Department of Biochemistry and Molecular Biology, University of Southern Denmark, Campusvej 55, DK-5230 Odense M, Denmark.
Bioinformatics. 2010 Nov 15;26(22):2841-8. doi: 10.1093/bioinformatics/btq534. Epub 2010 Sep 29.
Fuzzy c-means clustering is widely used to identify cluster structures in high-dimensional datasets, such as those obtained in DNA microarray and quantitative proteomics experiments. One of its main limitations is the lack of a computationally fast method to set optimal values of algorithm parameters. Wrong parameter values may either lead to the inclusion of purely random fluctuations in the results or ignore potentially important data. The optimal solution has parameter values for which the clustering does not yield any results for a purely random dataset but which detects cluster formation with maximum resolution on the edge of randomness.
Estimation of the optimal parameter values is achieved by evaluation of the results of the clustering procedure applied to randomized datasets. In this case, the optimal value of the fuzzifier follows common rules that depend only on the main properties of the dataset. Taking the dimension of the set and the number of objects as input values instead of evaluating the entire dataset allows us to propose a functional relationship determining the fuzzifier directly. This result speaks strongly against using a predefined fuzzifier as typically done in many previous studies. Validation indices are generally used for the estimation of the optimal number of clusters.

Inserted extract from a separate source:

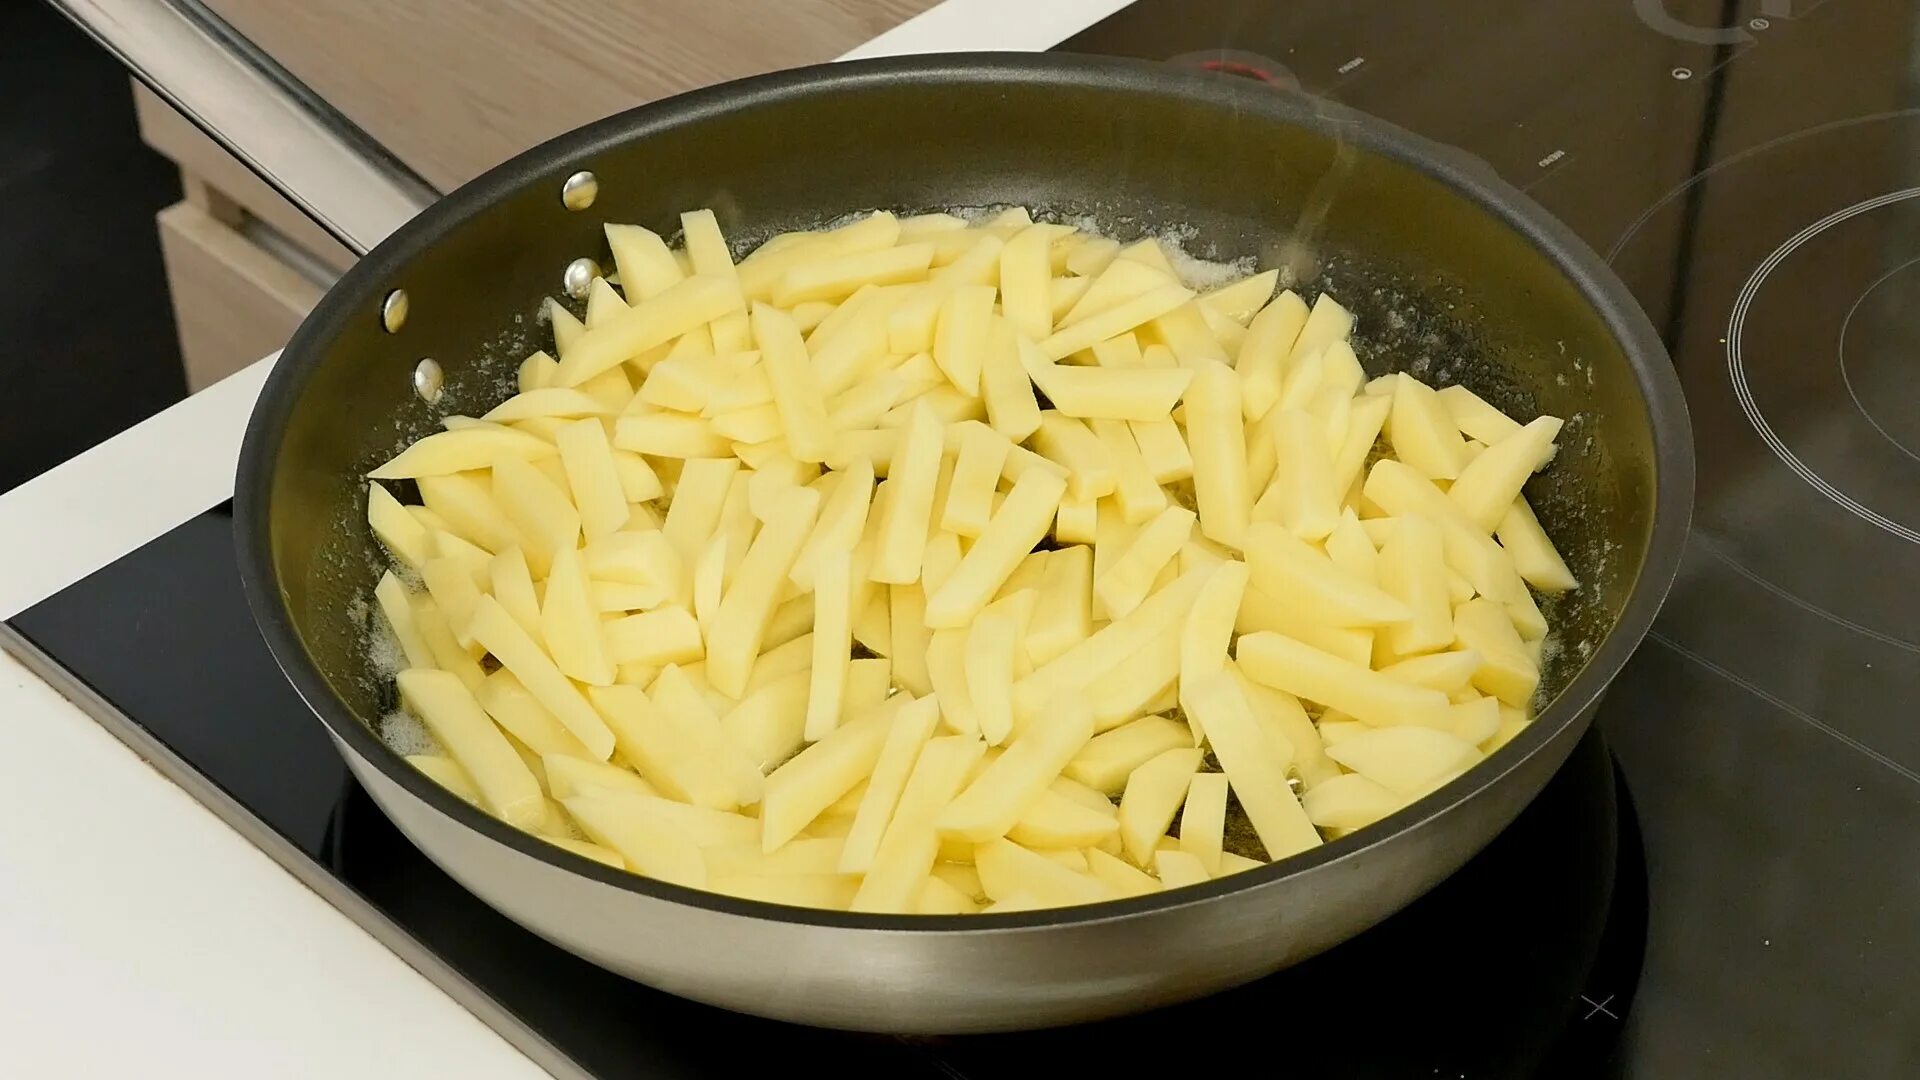 Картошка на сливочном масле на сковороде. Жареная картошка на сковороде. Картошка в плоской сковородке. Жареная картошка на сливочном масле на сковороде. Картофель для жарки зеленый.

A comparison shows that the minimum distance between the centroids provides results that are at least equivalent or better than those obtained by other computationally more expensive indices.
模糊 c-均值聚类广泛用于识别高维数据集(如 DNA 微阵列和定量蛋白质组学实验中获得的数据集)中的聚类结构。它的主要限制之一是缺乏一种计算快速的方法来设置算法参数的最优值。错误的参数值可能导致结果中包含纯粹的随机波动,或者忽略潜在的重要数据。最优解的参数值为聚类对于纯粹的随机数据集没有任何结果,但在随机性的边缘以最大分辨率检测到聚类形成。
通过评估应用于随机数据集的聚类过程的结果来实现最优参数值的估计。在这种情况下,模糊系数的最优值遵循仅取决于数据集主要属性的常见规则。将集合的维度和对象的数量作为输入值,而不是评估整个数据集,使我们能够提出一个确定模糊系数的直接函数关系。这一结果强烈反对像许多以前的研究中那样使用预定义的模糊系数。通常使用验证指标来估计最佳聚类数。比较表明,质心之间的最小距离提供的结果至少与其他计算成本更高的指标获得的结果相当或更好。